How to use Free Software to learn Japanese, and more.

Mining from manga

April 01, 2021 — Tatsumoto

When we read manga, sometimes there's a need to quickly OCR a portion of the screen to look up new words and add sentences to Anki. To do so, you're going to use an optical character recognition program and a few helper tools.


Setting up OCR

Install the following dependencies:

$ sudo pacman -S --needed sxiv maim tesseract xclip imagemagick unzip
  • sxiv is an excellent image viewer. For this setup you can replace it with any image viewer, but sxiv is what I use.
  • tesseract is the OCR engine. It is considered fairly accurate, and many people like it.
  • maim is a utility for taking screenshots which can take parts of the screen.
  • xclip is a tool for copying text to clipboard.
  • imagemagick is a command-line image editor. It's going to come handy to edit the screenshots before Tesseract analyzes them.
  • unzip is a tool for extracting zip archives.

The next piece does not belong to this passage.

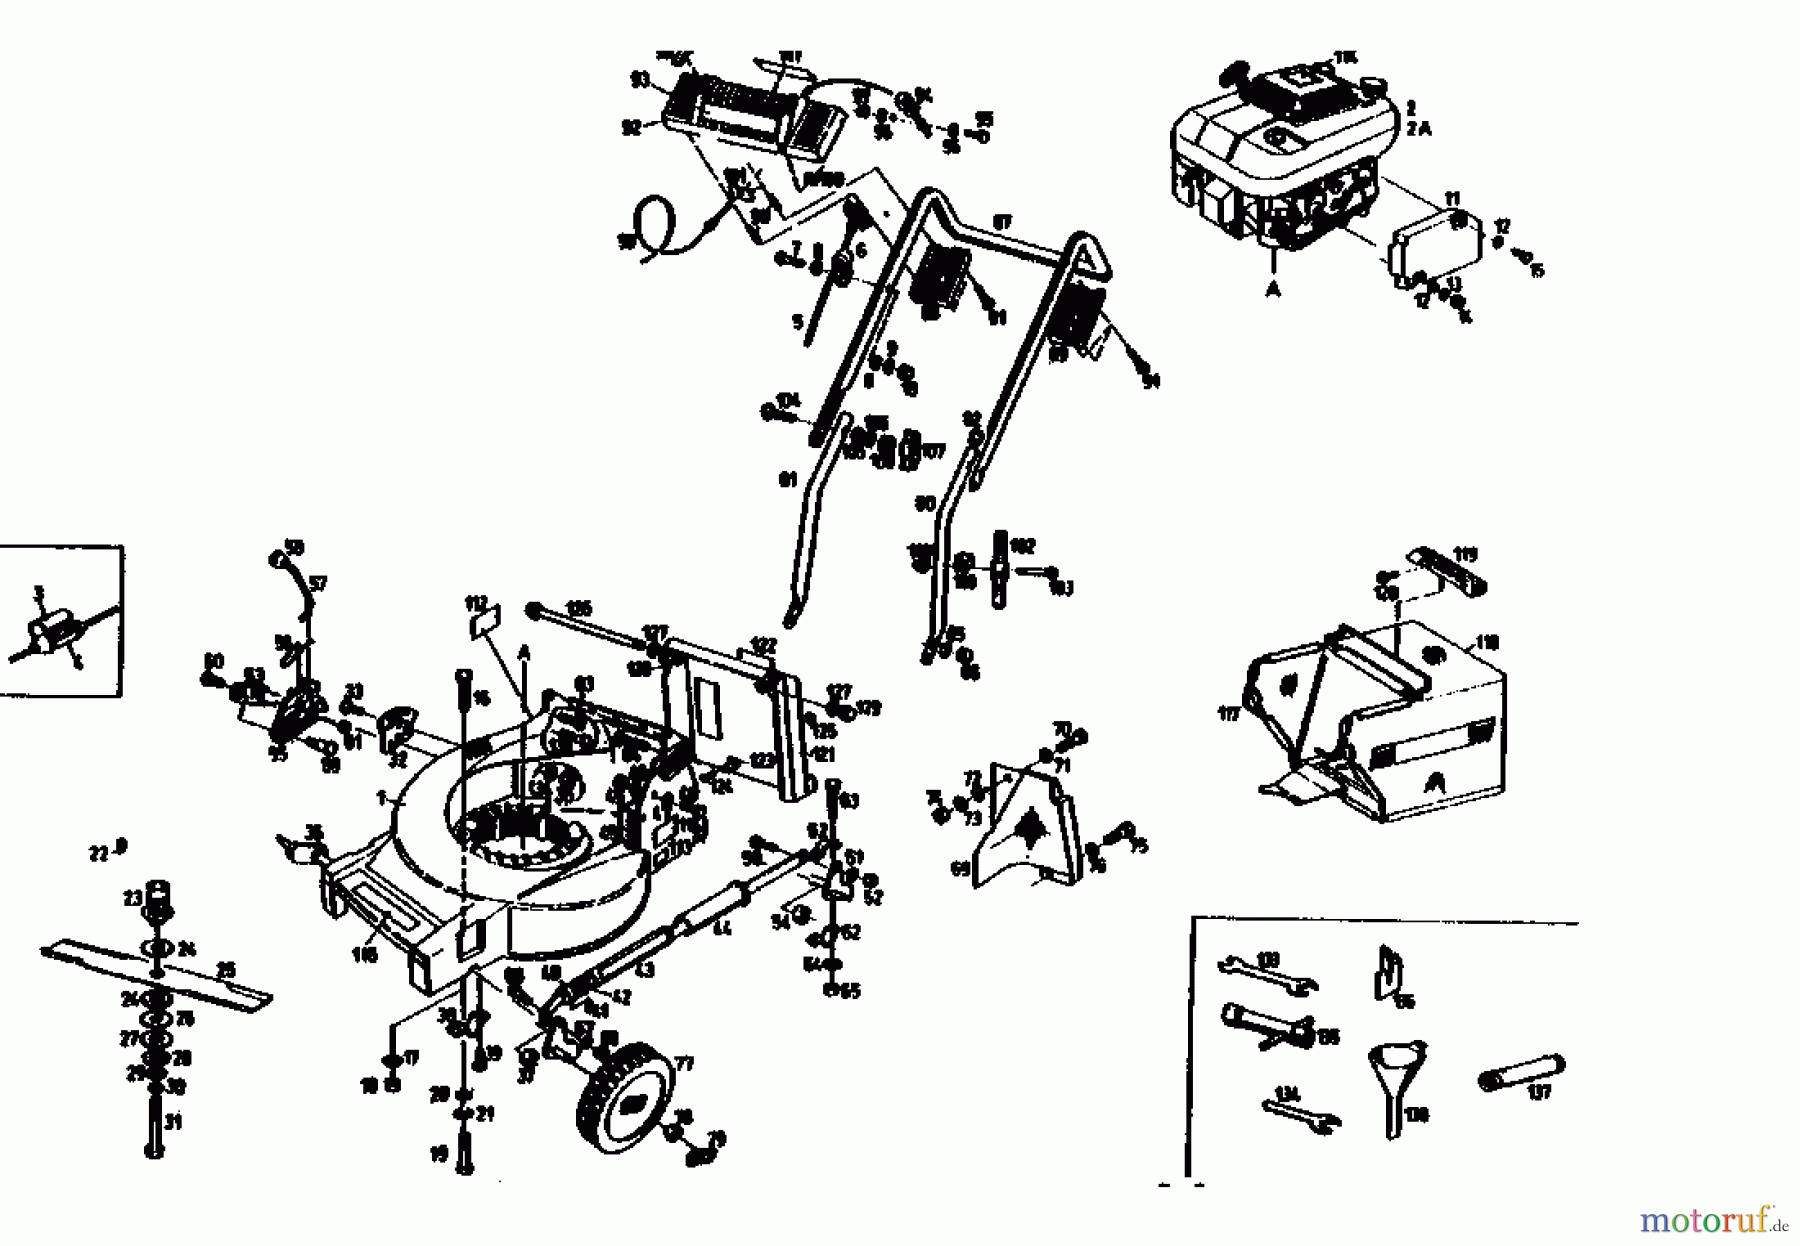  Gutbrod Petrol mower MH 534 04005.02  (1990) Basic machine

Download maimocr and save it as ~/.local/bin/maimocr. maimocr is a script we are going to use to recognize Japanese text.

Make the file executable:

$ chmod +x ~/.local/bin/maimocr

The directory ~/.local/bin should be in your PATH.

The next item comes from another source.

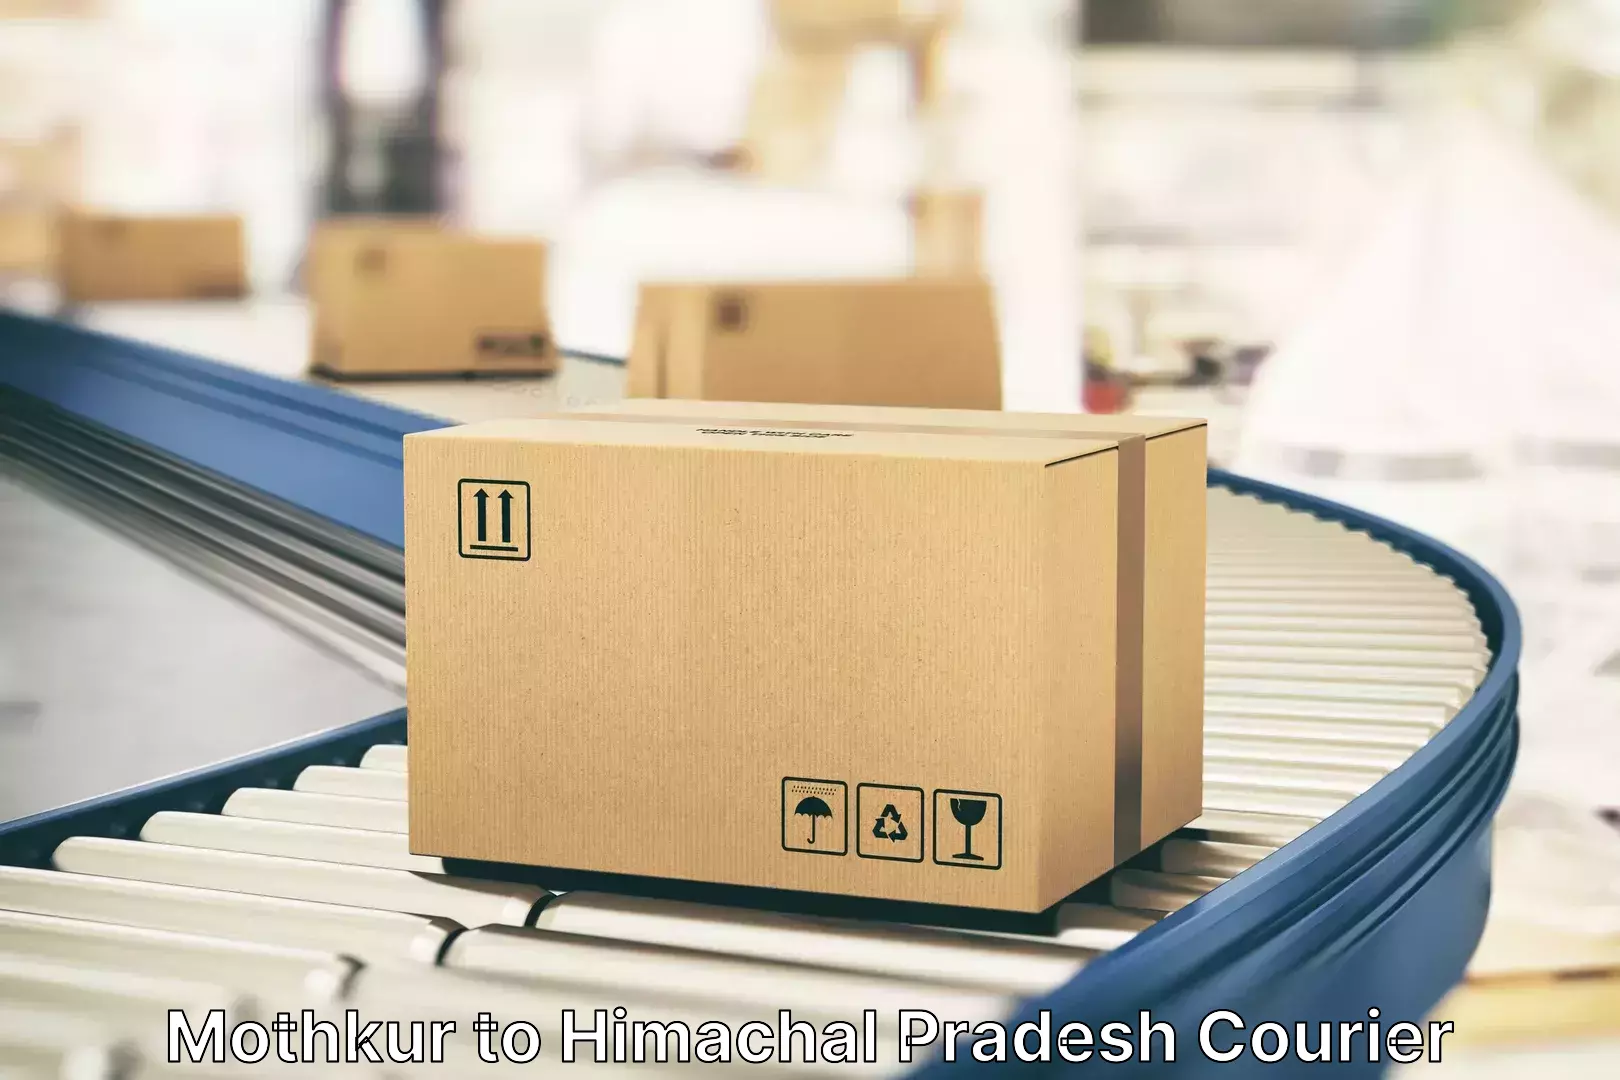 Luggage shipment strategy Mothkur to Himachal Pradesh

Bind this script to any key in your DE, WM, sxhkd, xbindkeysrc, etc. Here's an example for i3wm:

bindsym $mod+o exec --no-startup-id maimocr

Now you can quickly call maimocr anywhere by pressing the keyboard shortcut.

Usage

Tesseract doesn't work without trained data files. These files tell Tesseract how to read and recognize text from images. When you first run maimocr, it should download Japanese data files automatically. Check the terminal output to see if the process succeeds.

When you run it the second time, maimocr will ask you to select an area with Japanese text and try to OCR it. The resulting text will be saved to the system clipboard. Use it in combination with Yomichan Search to quickly lookup Japanese words in real-time.

To open Yomichan Search, open your Web Browser and press Alt+Insert. Yomichan should be already installed.

Video demonstration.

Expanding data set

By default, maimocr automatically downloads tessdata.zip (mirror) with Tesseract data files, then saves the files to ~/.local/share/tessdata.

To use additional data files with maimocr, copy any new *.traineddata files to ~/.local/share/tessdata.

Capture2Text files

These instructions are no longer necessary. The files are included by default.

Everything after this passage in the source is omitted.